Папа знал. Писал из какого-то места — может, с работы, может, из больницы, куда его клали с ногой после Великой Отечественной. Не в глаза сказал. Написал. Значит, не мог в глаза. Значит, и у него дыхание ломалось, как у мамы.
«Девочку растить буду, как свою.»
Девочку. Меня.
Я долго сидела с этим листком в руках. На дворе щёлкнул калиткой соседский петух — забрёл, как всегда. За печкой прошлёпал таракан. Время шло. Я не двигалась.
Потом осторожно, двумя пальцами, сложила письмо. По тем же складкам, что были. Завязала серой ниткой. Положила туда, где лежало. Не под белую ленту — не имела права смешивать. Мама прятала отдельно. Значит, отдельно и пусть лежит.
Я встала. Ноги держали.
Пошла в сени. Сняла фартук с гвоздя. Приложила к лицу. От него пахло мамой — лавандой, чем-то ещё, жилым. Я стояла с маминым фартуком у лица и думала одно:
«Мама. Ты с ним всю жизнь прожила, и он знал. И молчал.»
Плакать я не могла. Не шли слёзы. Что-то у меня в груди сделалось каменное. Я повесила фартук обратно. Вышла во двор.
***
Во дворе я села на крылечко, на ту самую третью ступеньку, что качалась. Сидела на ступеньке, и во дворе был такой же, как всегда, майский день. Забор, колодец, черёмуха. Всё на месте. Всё то же. А я уже была в другом мире.
Надо было ехать к тётке Настасье.
Тётка Настасья Гурьевна жила на дальнем конце деревни, у пруда. Мамина двоюродная. Младше мамы лет на восемь, стало быть, ей сейчас под пятьдесят. Я её помнила с детства — высокую, сухую, с тяжёлой косой вокруг головы. К маме она ходила редко, но приходя — сидела долго. Они разговаривали тихо, и когда я входила, разговор всегда обрывался. «Настюха, иди-ка ты водицы принеси.»
Я тогда не задумывалась...
К тётке я пошла после обеда. Обедать, правда, не стала — пожевала хлеба с молоком, которое вчера принесла Лена Петровна. Не лезло.

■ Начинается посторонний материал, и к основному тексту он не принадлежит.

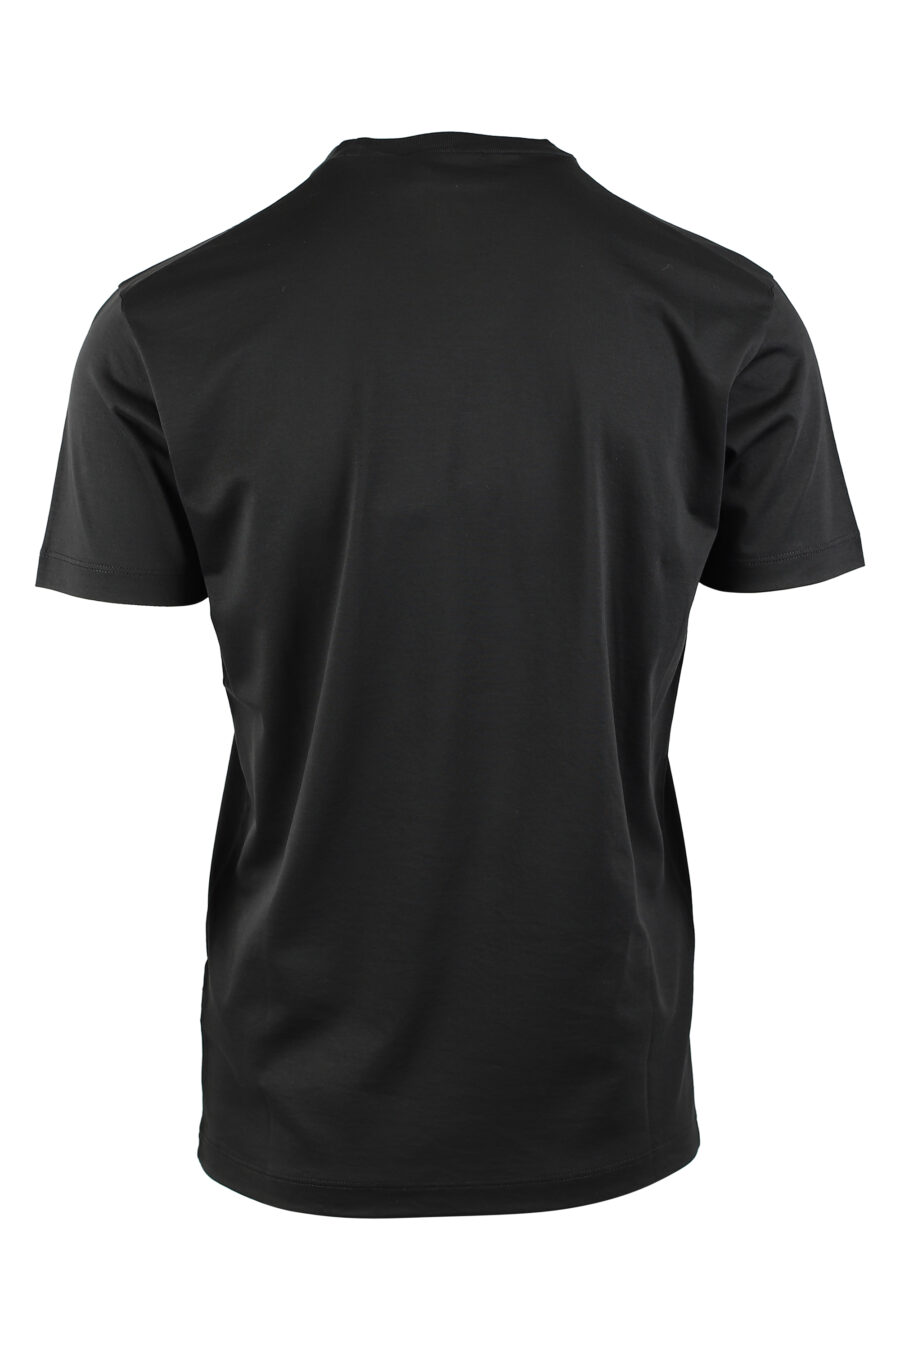 Camiseta negra con maxilogo en silueta en onda - IMG 0561
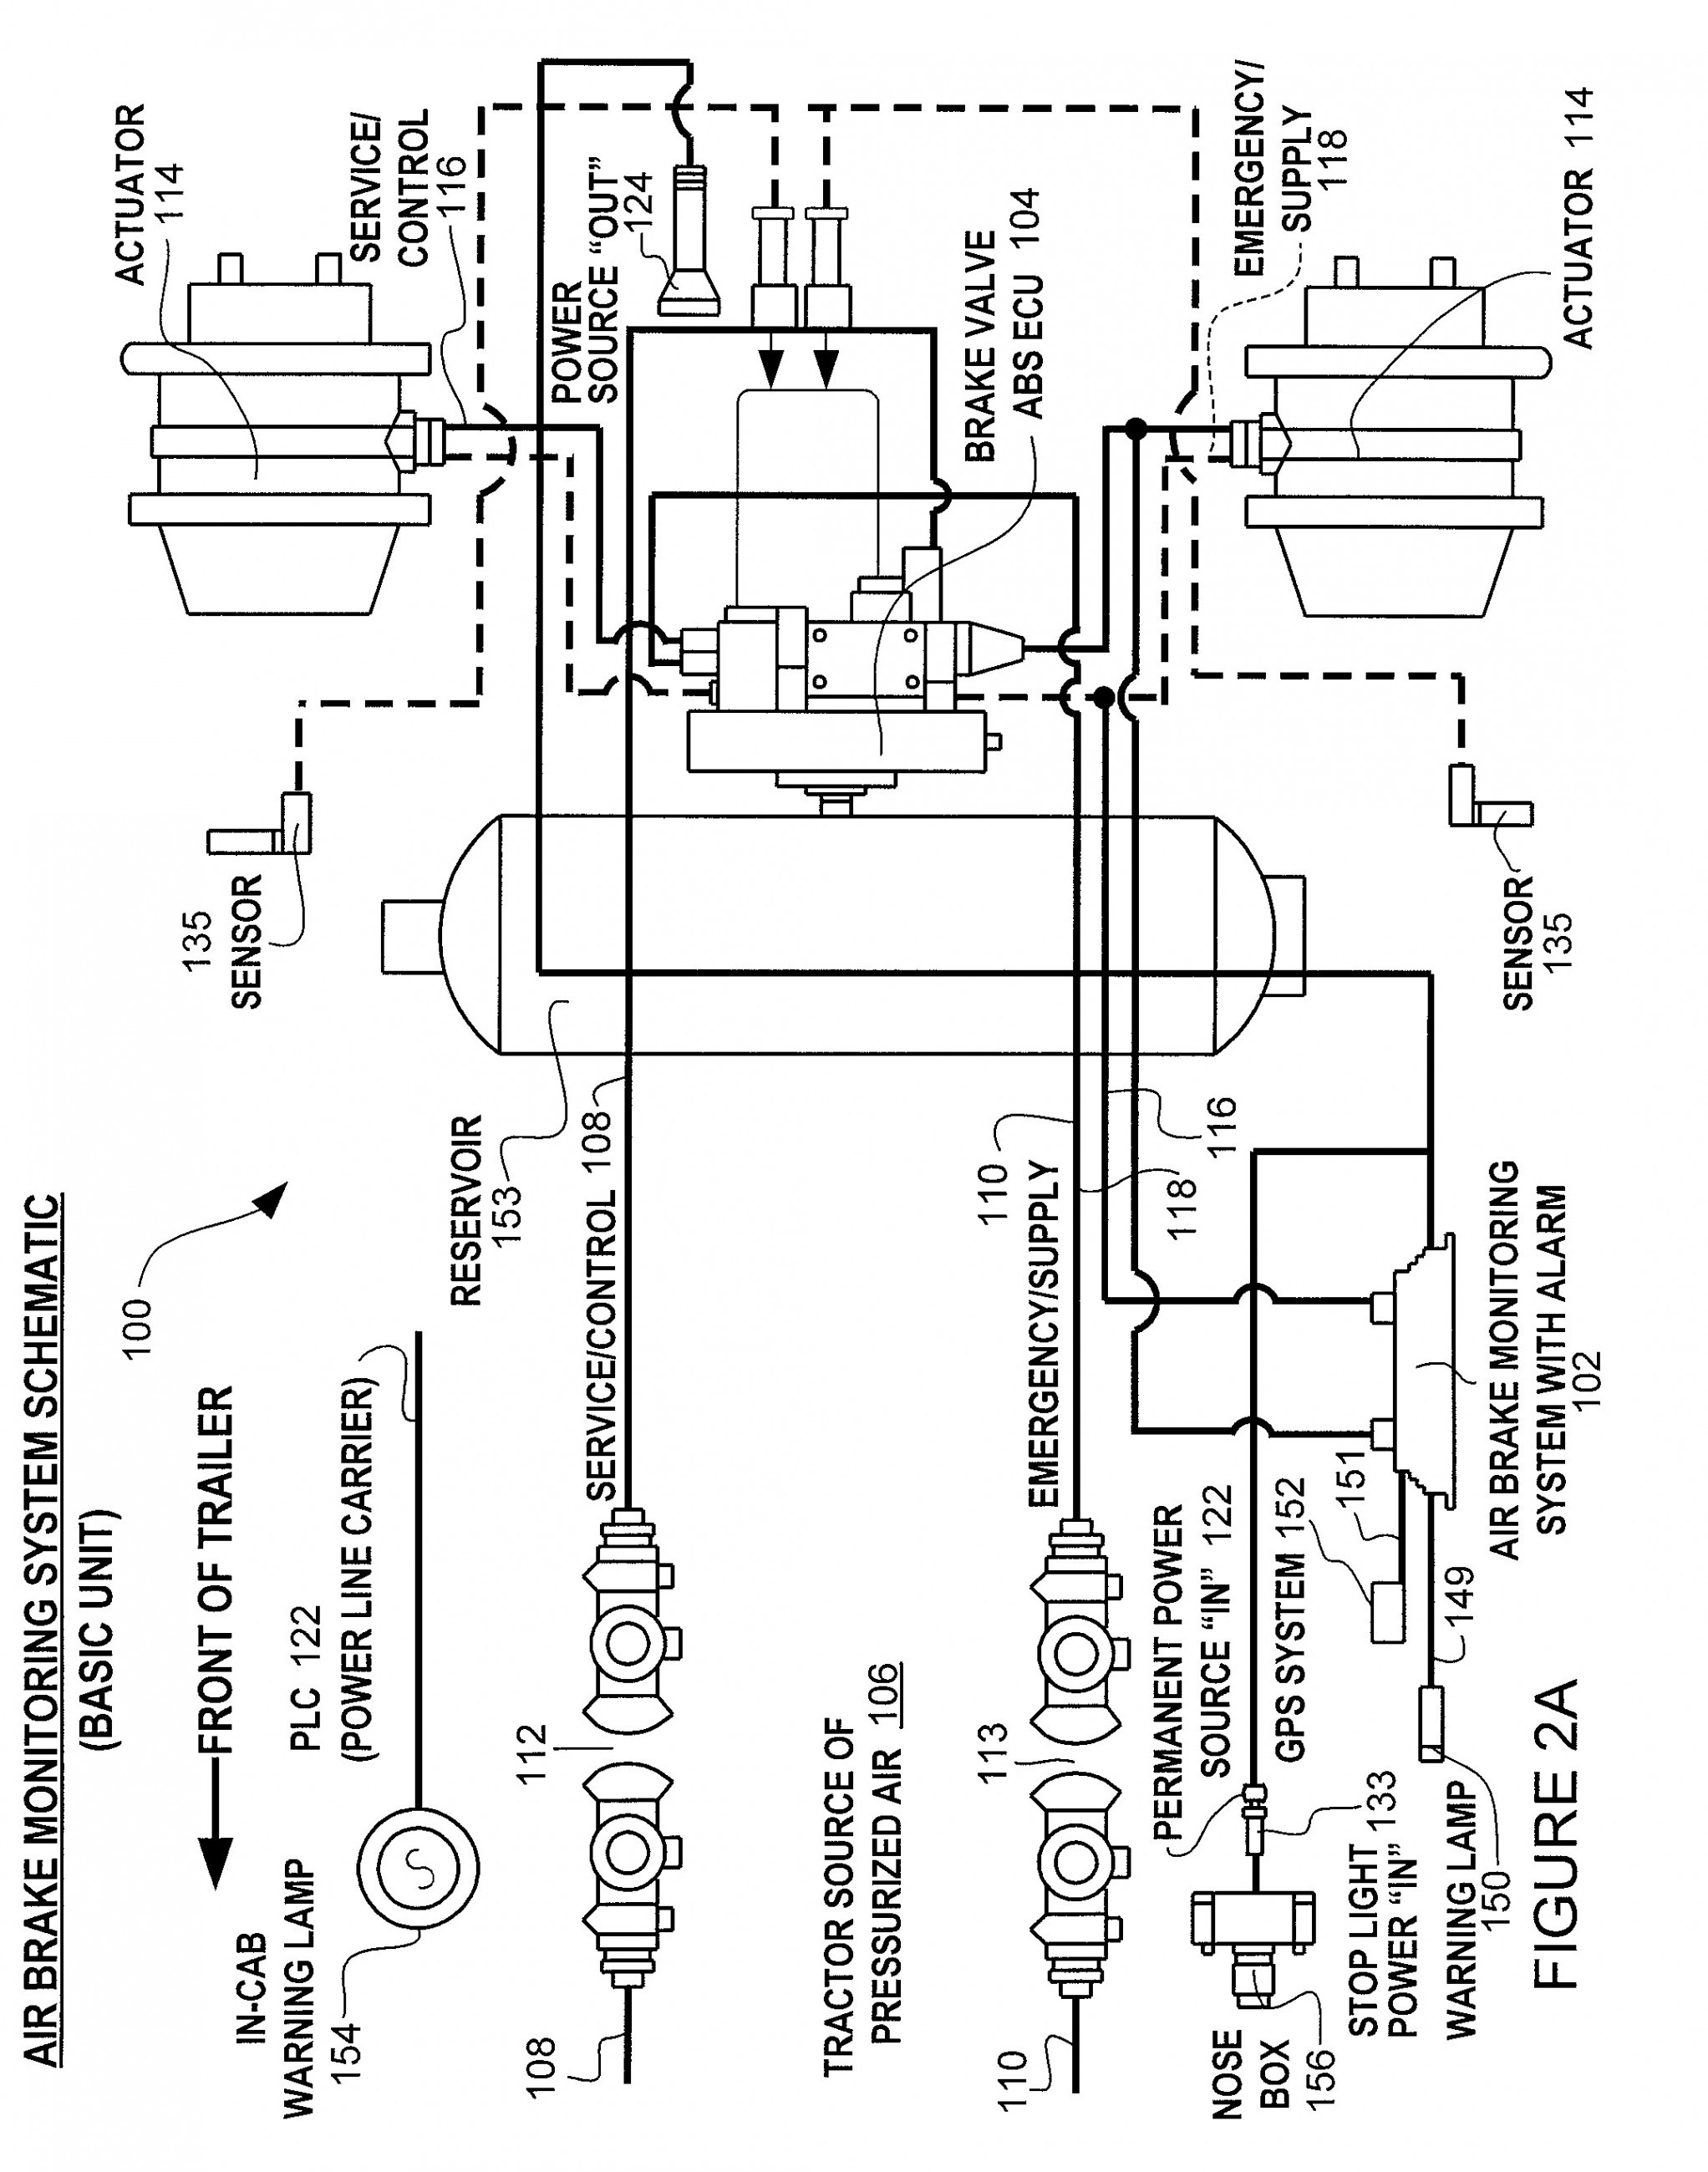 Air Brake System Diagram Truck Air Brake System Diagram – Air Brake Circuit Diagram Awesome Air Of Air Brake System Diagram Truck

Деревня в этот час ходила по своим делам. У лавки стояла подвода. У магазина толпились — машина с хлебом. Я прошла краем, по-за дворами. Не хотелось сейчас ни здороваться, ни отвечать.
Дом у тётки стоял на отшибе. Старый, почерневший, с кривыми наличниками. У ворот — хромой чёрный кот. Он меня узнал, потёрся о галоши.
Тётка сидела на лавке у дома, лущила вчерашнюю гречиху для кур. Увидела меня — не встала. Посмотрела долго.
— Пришла, Настёна.
— Пришла, тёть Насть.
— Садись.
Я села рядом. Лавка тёплая от солнца. Тётка, не отрываясь от гречихи, сказала:
— Мать схоронили в понедельник. — Я на кладбище не пошла. Не могла.
— Знаю, тёть Насть.
Она кивнула. Руки у неё двигались ровно. Пальцы узловатые, красные, с работящими костяшками.
— Ну, рассказывай, чего пришла.
Я помолчала. Подумала, с какого края начать.
— Тёть Насть. Валя у мамы дом забрала.
— Слыхала. Лена вчера на улице сказала.
— Забрала не по-честному.
Тётка перестала лущить. Положила руки на колени.
— Ты чего знаешь, Настя?
— Я знаю, что Валя сказала маме: или дом, или расскажу Насте, от кого она.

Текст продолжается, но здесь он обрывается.